Dots are not whitespace, and all whitespace is already removed from texts of this size. But this is only during translation. It is completely unrelated to the text lookup itself. The plugin does a lot of things related to whitespace to make smart lookups. It doesn't do anything about punctuation, though.

Any proper solution really involves identifying the fact that text is being appended onto a translated text. Implementing this is a performant manner is just a relatively big task. And the fact that is somehow also involved redirected resources make it quite a bit more complex.

Also: Did my suggestion not work?

flywhc commented 4 years ago

Ellipsis is not added. Both Japanese and Chinese use two characters to represent one ellipse ( totally 6 dots)

The game only added newline characters in a silly way: if the text length longer than n then it inserts a newline char after the n-th character, even in the middle of jp/zh two-character ellipsis. In the real world, we never separate two 3-dots ellipses in two lines. So I think simply remove all newline before all text comparison should solve the problem.

In most cases the game display correct. I have to find a way to make this problem always reproducible then I can validate your suggestion.

Talking about smart lookup, I got a few texts in _AutoGeneratedTranslations.txt contains whitespace \u20, while I checked the English HS2 project uses " " \u3000 for the same Japanese original text. I haven't seen this text on the screen yet so I hope the smart lookup will treat \u3000 as \u20 It is hard to validate these random appeared texts.

flywhc commented 4 years ago

@gravydevsupreme your suggestion works.

I used script to replace all dialog texts to the string I mentioned which always causes double translation. Then I can always reproduce the issue.

Then I added Mongolian vowel before every dialog text and change the setting. Finally no auto-generated text has been added. Thank you!

I am not unity plug-in developer but if I develop a similar app, I will use a sqllite dB to store 4 indexed fields: original text; original text without newline and whitespace (\u0020, \u00a0, \u3000); translated text; translated text without newline and whitespaces. Then match the translated text without newline and whitespaces first, skip translation if found.

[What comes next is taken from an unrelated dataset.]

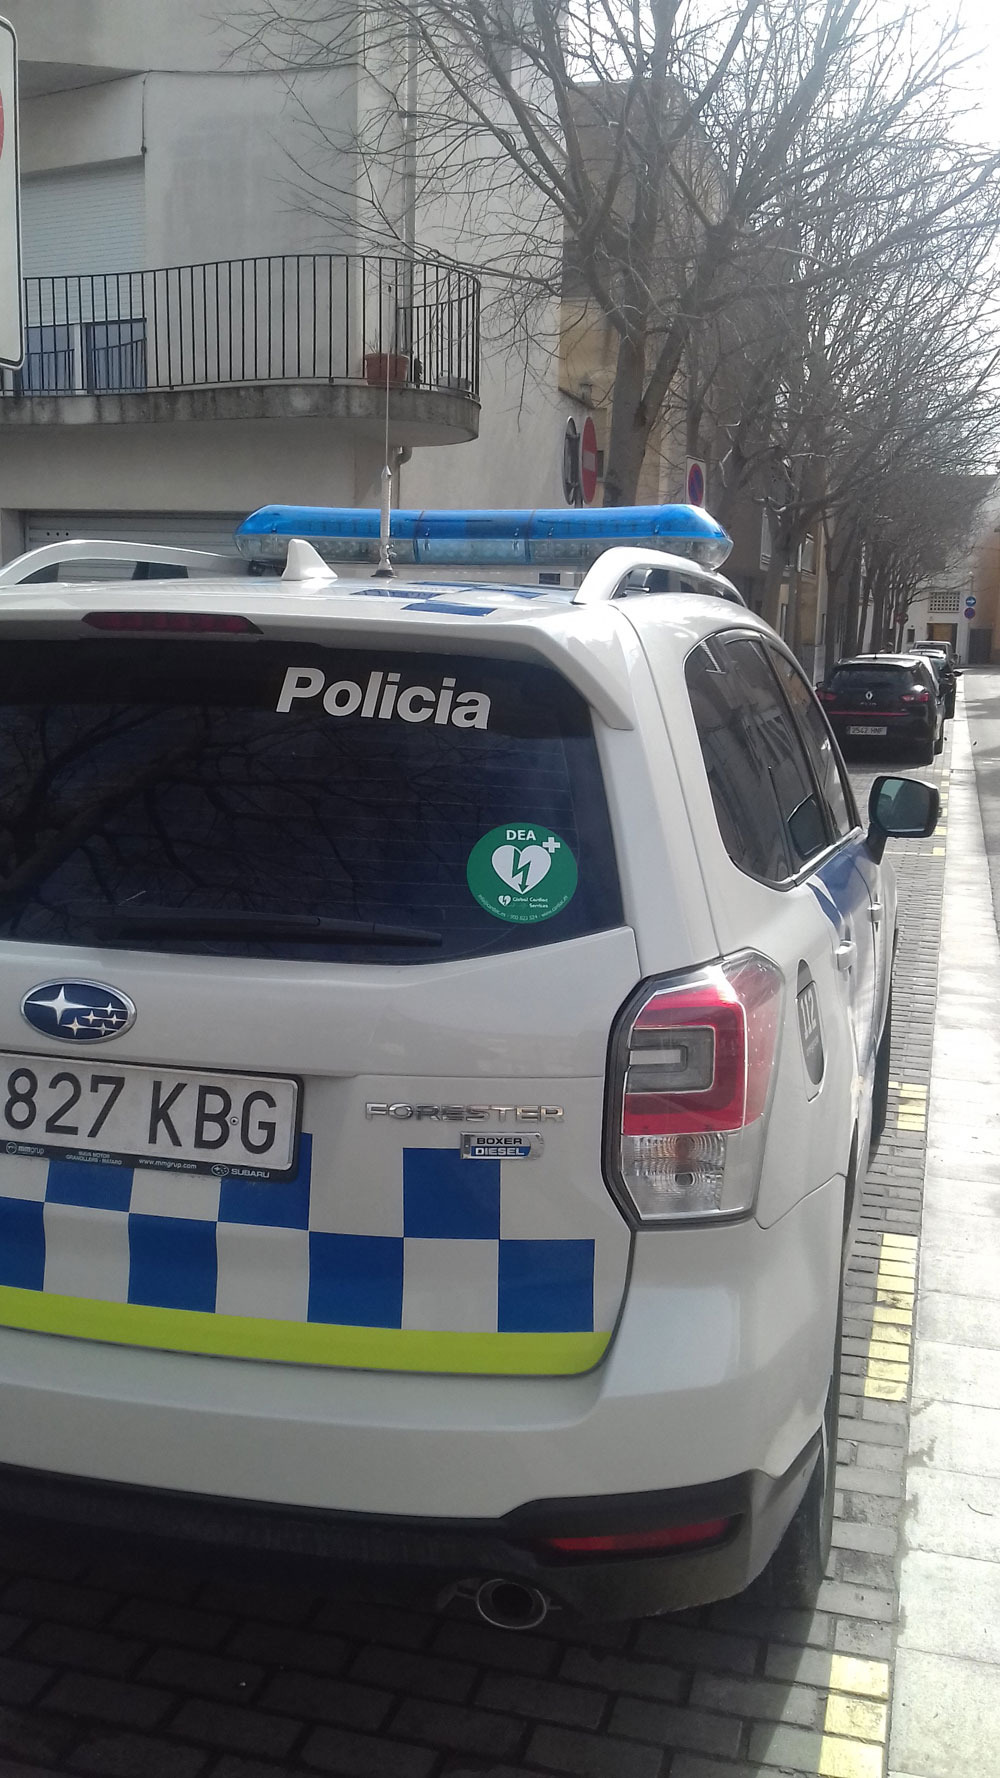 DEA - Vehicle policia local

Then try to match original then original without whitespaces.

gravydevsupreme commented 4 years ago

I have now released v. 4.13.0. I will probably look into a generic solution that allows the plugin to detect text-appends in a generic fashion in the future.

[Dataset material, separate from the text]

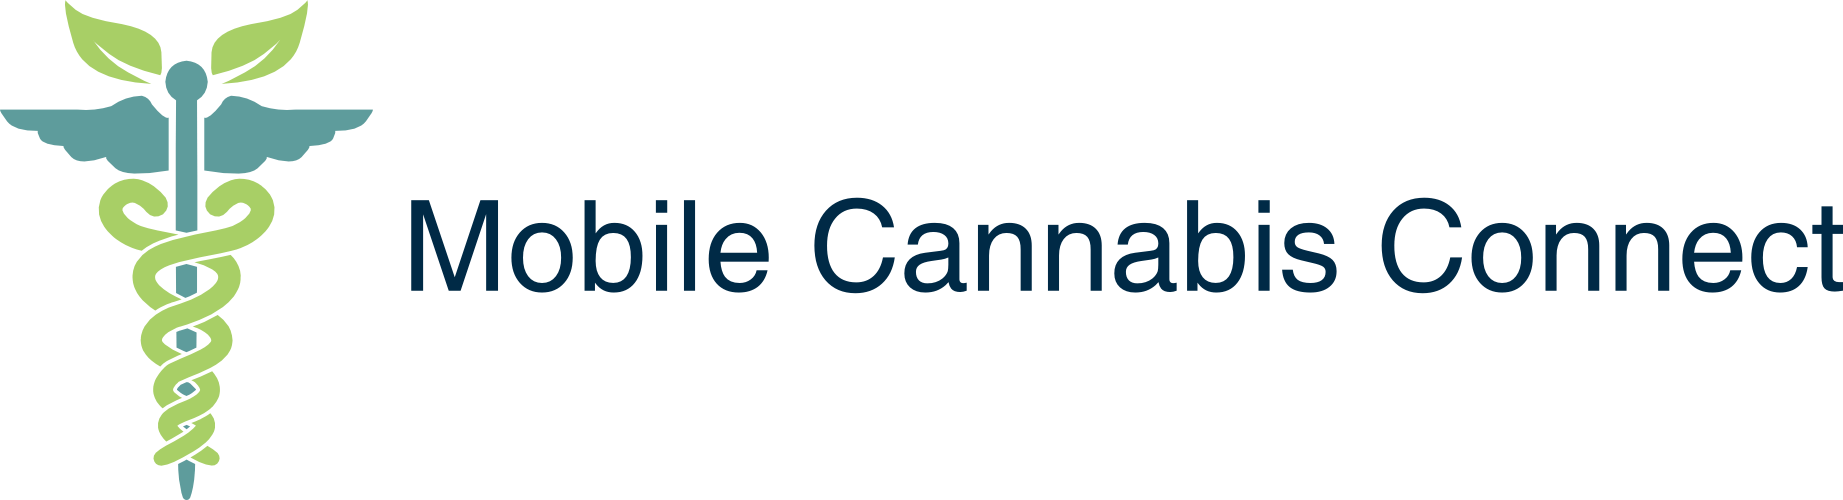 Mobile Cannabis Connect - Medical Marijuana Doctors - Cannabizme.com

flywhc commented 4 years ago

I have now released v. 4.13.0. I will probably look into a generic solution that allows the plugin to detect text-appends in a generic fashion in the future.

Does the v4.13.0 including the change? I extracted XUnity.AutoTranslator-BepIn-5x-4.13.0.zip to my game folder and the double translation is back. I have to replace plugins with the beta version you post in this thread to solve double translation in redirected resources.

gravydevsupreme commented 4 years ago

It should include all changes that I have posted here, so I certainly don't understand this.

Can you try removing the RedirectedResourceDetectionStrategy line from your config (so it resets to default) and try again?

flywhc commented 4 years ago

It should include all changes that I have posted here, so I certainly don't understand this.

Can you try removing the RedirectedResourceDetectionStrategy line from your config (so it resets to default) and try again?

Tested again with a clean game. It works. Thank you!